(a) An object P of mass 6.5kg is suspended by two light inextensible strings, AP and BP. The strings make angles 50° and 60° respectively with the downward vertical.
(i) Express the forces acting on P in component form; (ii) If P is at rest, write down the vector equation connecting all the forces; (iii) Calculate, correct to one decimal place, the tensions in the strings.
(b) A particle of mass 5 kg moves with initial velocity \(\frac{1}{2} m/s\) and final velocity \(\frac{3}{4} m/s \). Find the magnitude of its change in momentum.
(i) \(T_{1} = \begin{pmatrix} -T_{1} \cos 40° \\ T_{1} \sin 40° \end{pmatrix} = \begin{pmatrix} -0.7660T_{1} \\ 0.6428T_{2} \end{pmatrix}\)
\(T_{2} = \begin{pmatrix} T_{2} \cos 30° \\ T_{2} \cos 30° \end{pmatrix} = \begin{pmatrix} 0.8660T_{2} \\ 0.5000T_{2} \end{pmatrix}\)
\(W = \begin{pmatrix} 0 \\ -65 \end{pmatrix}\)

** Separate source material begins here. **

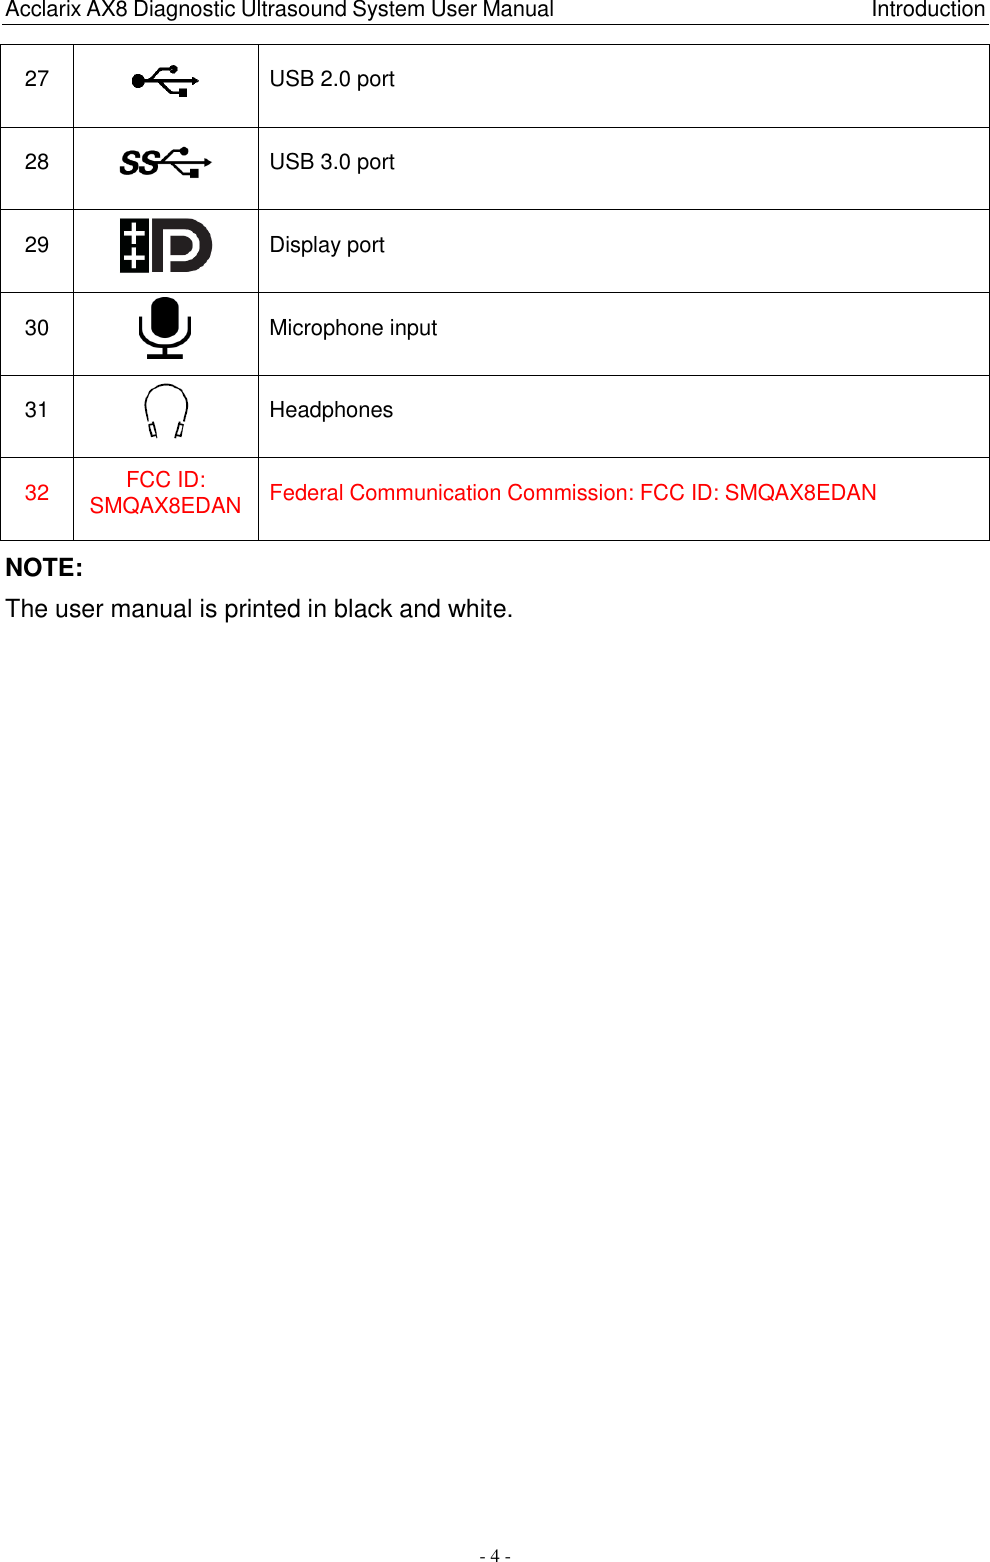 Acclarix AX8 Diagnostic Ultrasound System User Manual                                                          Introduction - 4 - 27  USB 2.0 port   28  USB 3.0 port   29  Display port 30  Microphone input   31  Headphones   32 FCC ID: SMQAX8EDAN Federal Communication Commission: FCC ID: SMQAX8EDAN NOTE:   The user manual is printed in black and white.

(ii) P is at rest, the vector equation is
\(T_{1} + T_{2} + W = 0\)
(iii) \(\begin{pmatrix} -0.7660T_{1} \\ 0.6428T_{1} \end{pmatrix} + \begin{pmatrix} 0.8660T_{2} \\ 0.5000T_{2} \end{pmatrix} + \begin{pmatrix} 0 \\ -65 \end{pmatrix} = \begin{pmatrix} 0 \\ 0 \end{pmatrix}\)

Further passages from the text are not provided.